Voici un résumé de la petite loi pour la confiance dans l'économie
numérique, adoptée par le Sénat en 2ème lecture le 8 avril 2004.


PRINCIPALES NOUVEAUTES :

- Le délai de prescription des infractions de presse sur Internet court à la
date de cessation du contenu (infraction continue), et non plus à compter du
premier acte de publication (infraction instantanée). Le législateur
s'oppose donc à la jurisprudence constante de la Cour de cassation. Une
répression accrûe mais justifiée : une infraction instantanée favorisait
l'impunité de son auteur, ce dernier pouvant faire "dormir" l'infraction
pour la réveiller trois mois après sa publication.

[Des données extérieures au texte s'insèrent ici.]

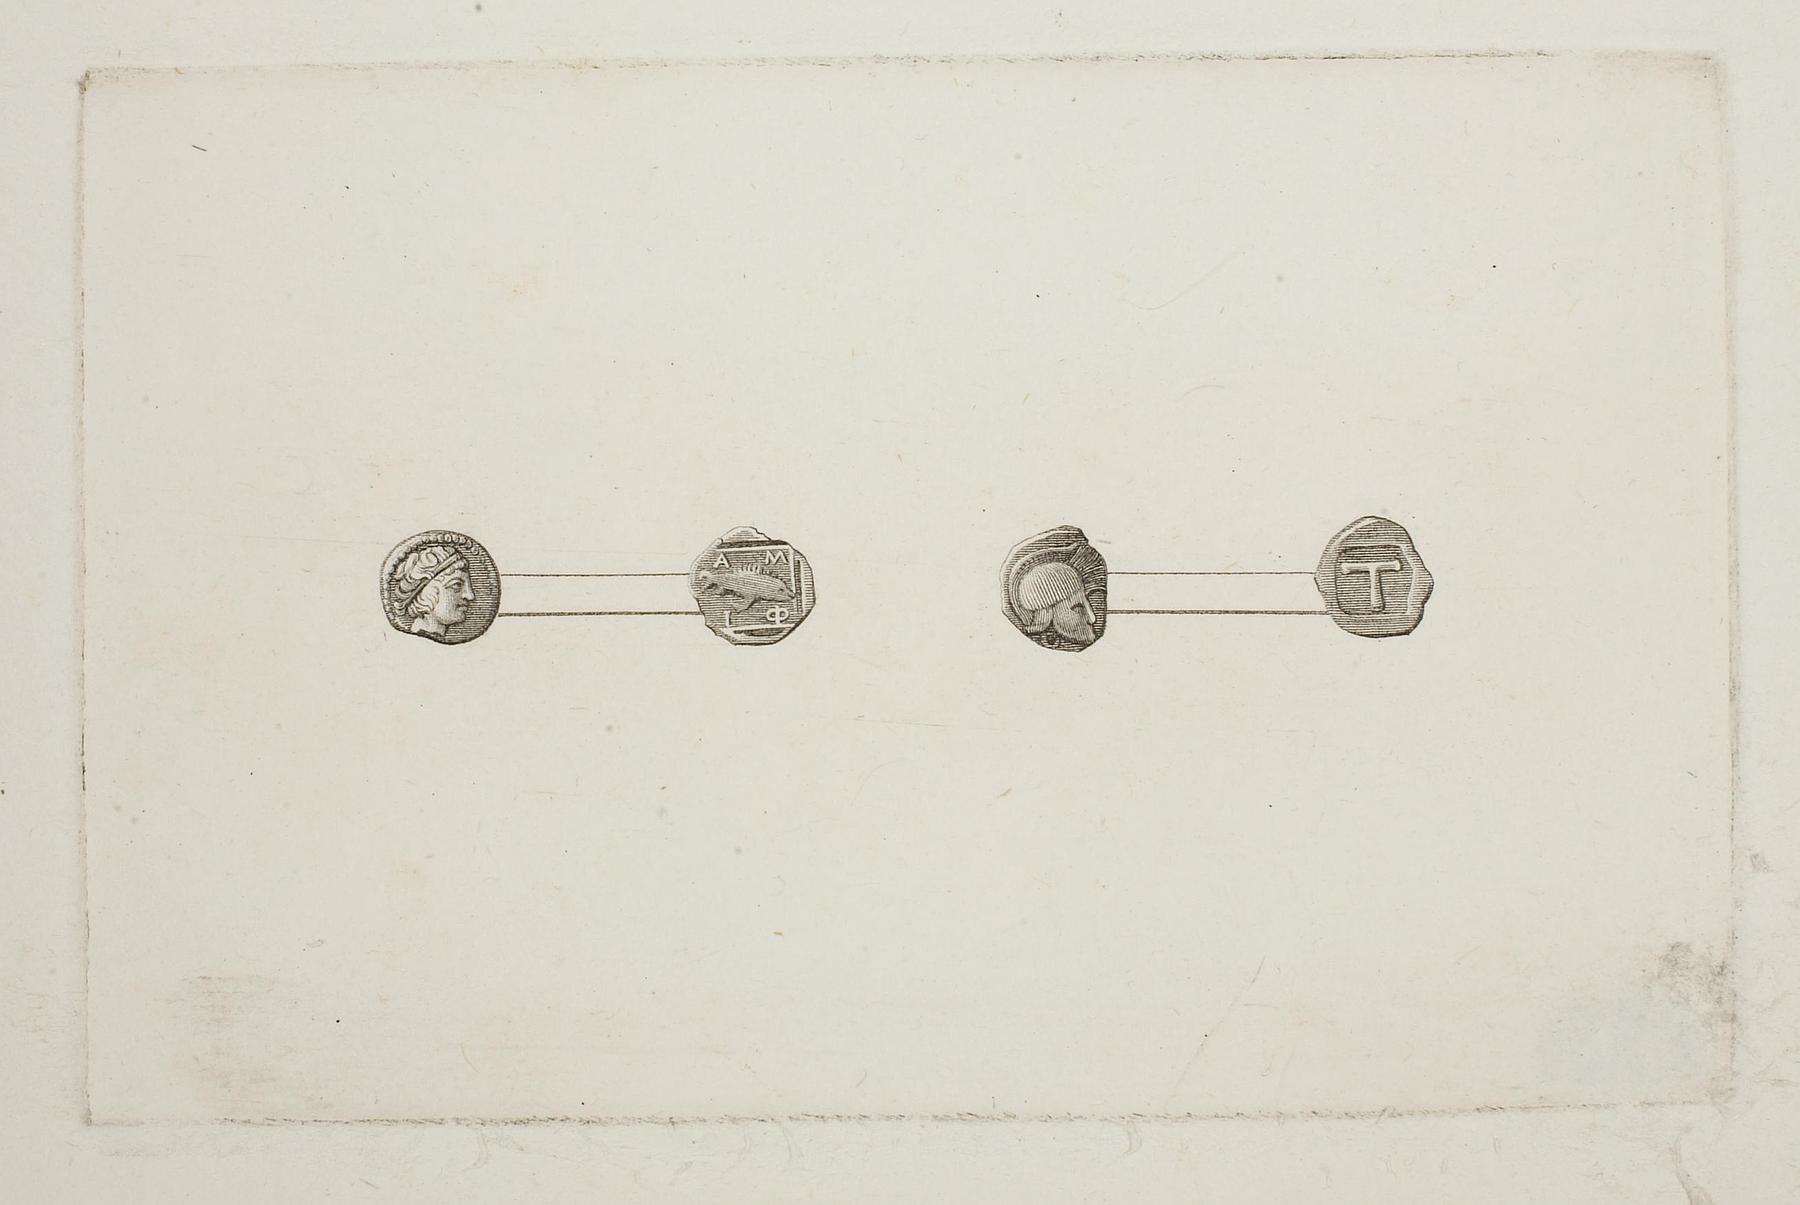 Greek coins obverse and reverse, E1578

- Suppression de l'obligation de filtrage en amont qui avait été insérée par
l'Assemblée nationale. Cette disposition était contraire à la Directive du 8
juin 2000. Le Sénat encourage l'adoption par les hébergeurs d'une Charte
d'auto-régulation des contenus racistes et pédophiles. C'est une précision
peu utile puisque les hébergeurs n'ont pas attendu le Ministre délégué pour
rédiger un Code de bonne conduite. En tout état de cause, aucune sanction
est prévue.

- L'autorité judiciaire peut ordonner à l'hébergeur d'effectuer une
surveillance ciblée et temporaire. Il s'agit d'une disposition déjà prévue
dans le Code de procédure pénale (système des écoutes). Cependant, les
pouvoirs du juge sont considérablement élargis. Le Code de procédure pénale
prévoit que ces interceptions doivent remplir deux conditions cumulatives :
elle doit être nécessaire à une information judiciaire déjà ouverte et la
peine encourue doit être égale ou supérieure à deux ans d'emprisonnement. La
LCEN ne prévoit aucune restriction à cette surveillance qui pourra donc
concerner toute infraction.

- Le juge peut prescrire en référé ou sur requête, toute mesure propre à
prévenir ou faire cesser un dommage, en s'adressant d'abord à l'hébergeur, à
défaut au FAI. Cette disposition est une reprise des référés prévus par le
Code de Procédure civile (art. 808 et 809), mais avec une précision nouvelle
: le premier interlocuteur de l'autorité judiciaire est l'hébergeur, à
défaut le FAI. Cette disposition ne fait qu'éloigner davantage,
juridiquement, le FAI du contenu stocké par les hébergeurs.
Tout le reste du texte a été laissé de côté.